In a sense, I suppose that the backlash against “The Last Jedi” could really come back to this Nietzschean sense of God’s death; in an increasingly skeptical and secular society, the only hope is to have a collective belief in a brighter future (or return to the old religious ways, but there are many people for whom that is not considered an acceptable outcome), and the direction that the plot took is more aligned with the nihilism that the earlier Star Wars movies embraced.

  • The problem with solving problems is that we forget that those problems existed.
    • For instance, with organized Christianity there was a backlash against what was seen as undue social control.
    • Order and sacrifice are necessary to even build what we would consider free will: those who cannot resist temptation don’t really live a life, merely follow currents.
    • Christianity as a philosophical movement ended slavery and changed the view of the value of human life in the Western world.

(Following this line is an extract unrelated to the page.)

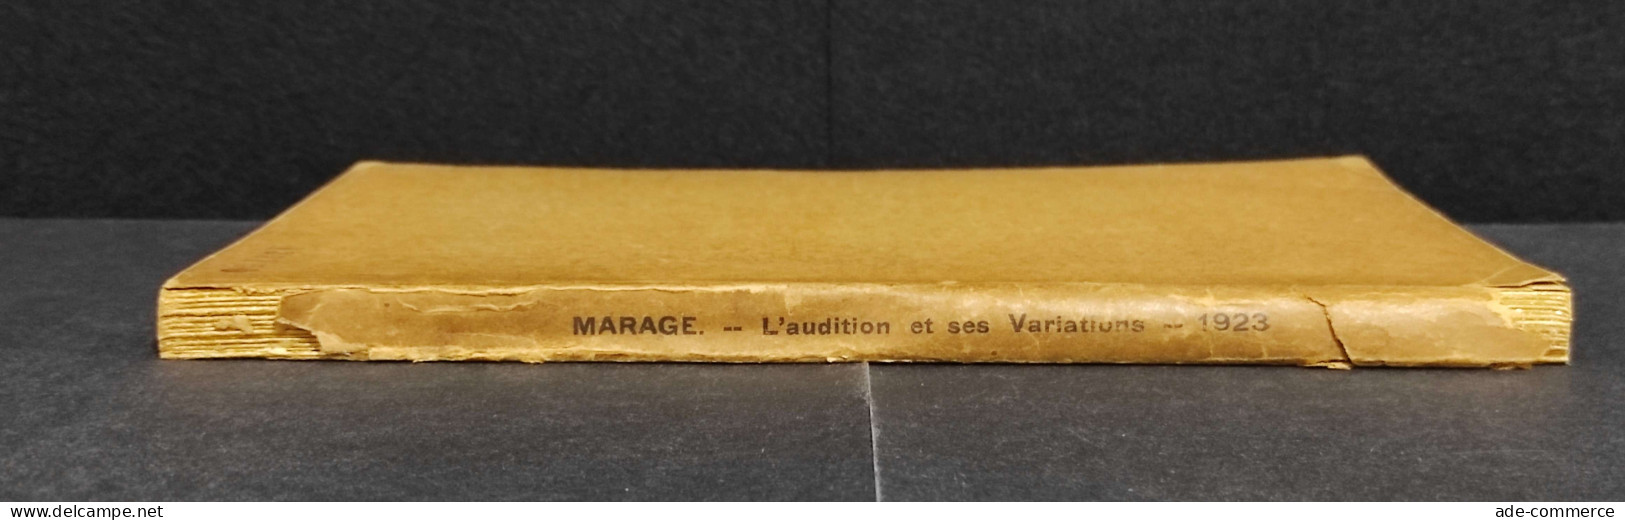 L'Audition Et Ses Variantions - Marage -Ed. Gauthier-Villars - 1923 - Matemáticas Y Física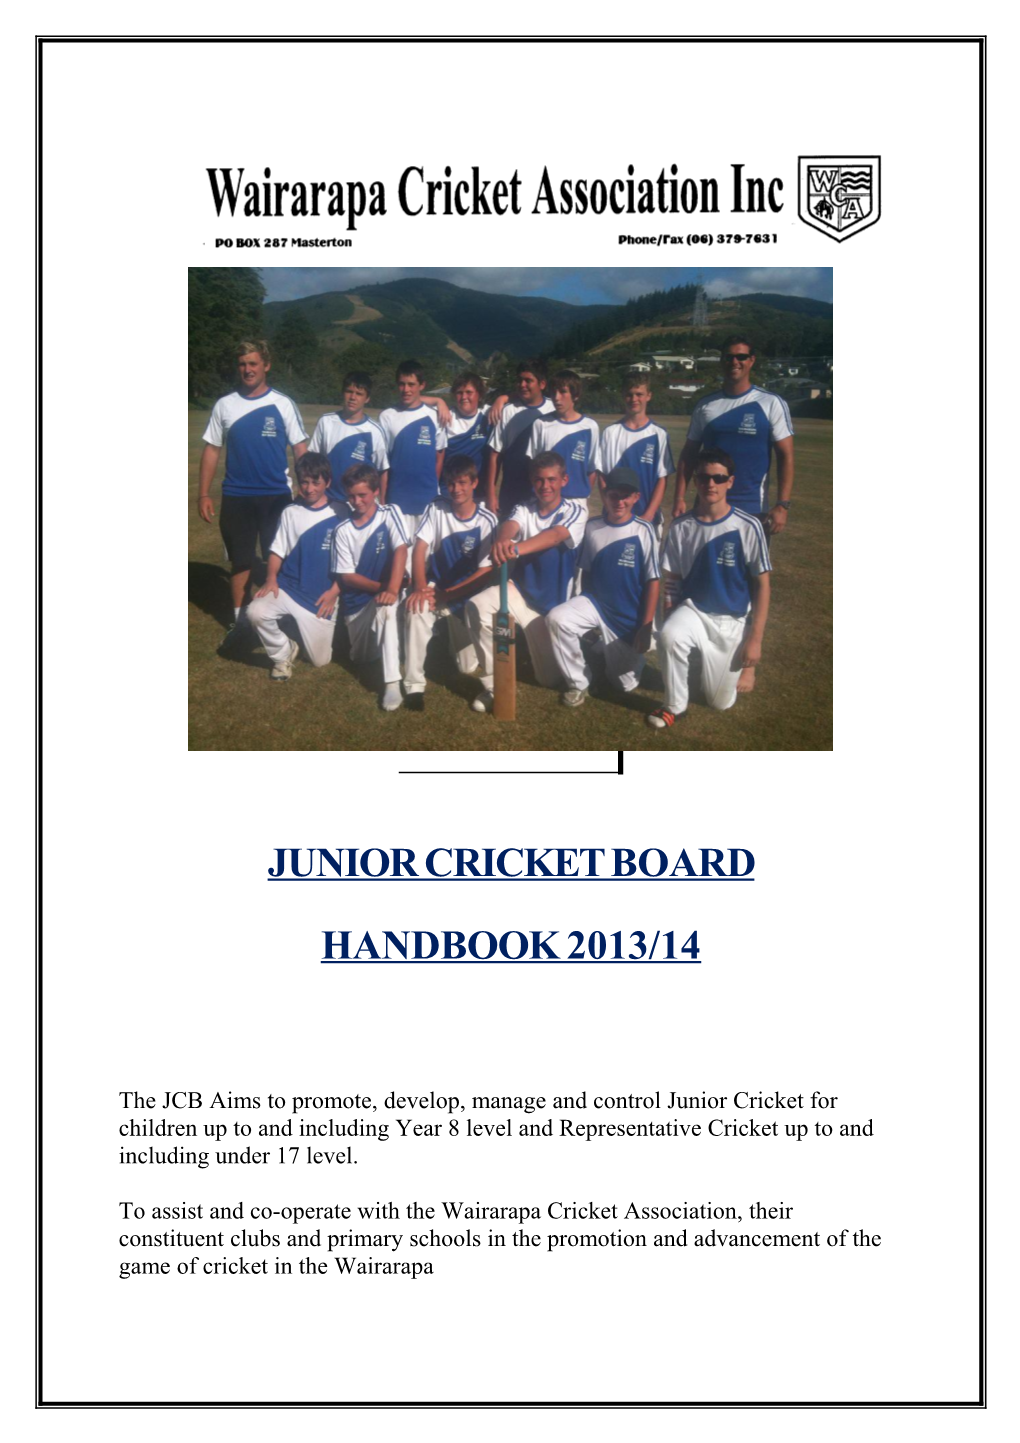 Facebook: Groups Wairarapa Junior Cricket

This means that the central problem of life— the dealing with its brute facts— is not merely what and how to sacrifice to diminish suffering, but what and how to sacrifice to diminish suffering and evil— the conscious and voluntary and vengeful source of the worst suffering.

This is an interesting point, and I think it’s a little above my pay grade, but that’s never stopped me before.

While I find the premise of this interesting, it’s worth noting that one of the things that Peterson says is that, in essence, we’ll always find new problems over the horizon. Nobody who read his work seriously would take that as a defeatist statement, but rather there’s an interesting point to be had here.

What problems have we forgotten about? Where are our abandoned primordial struggles?

This one will probably linger with me for a while, since it’s not only a compelling thought but a worrying one: we are so future-oriented we forget our past.

  • Sacrifice is part of the things that make people advanced; they begin to consider things beyond simply what are known and instead have a mind for what is hoped for.
    • Likewise, the lack of sacrifice is often a sign that something is wrong. It can mean that we have exploited others to achieve our goals, or that we are settling for things that are not what they could be.

Expedience— that’s hiding all the skeletons in the closet. That’s covering the blood you just spilled with a carpet. That’s avoiding responsibility. It’s cowardly, and shallow, and wrong.

Peterson’s most dramatic language in the chapter comes up when he talks about this notion of expedience, and how people will ignore the consequences of their actions if there is a perceived greater end (the end justifies the means, in other words).

I think that this is something that we need to be especially aware of in today’s society. We are so unerringly driven, and encouraged to be in such a fashion active in our society, that we forget that we need to approach our lives in a way that respects our existence in the universe; it may be appropriate to make great changes, but it can also lead to great death, chaos, and evil to forget what is truly important and sacrifice the wrong things.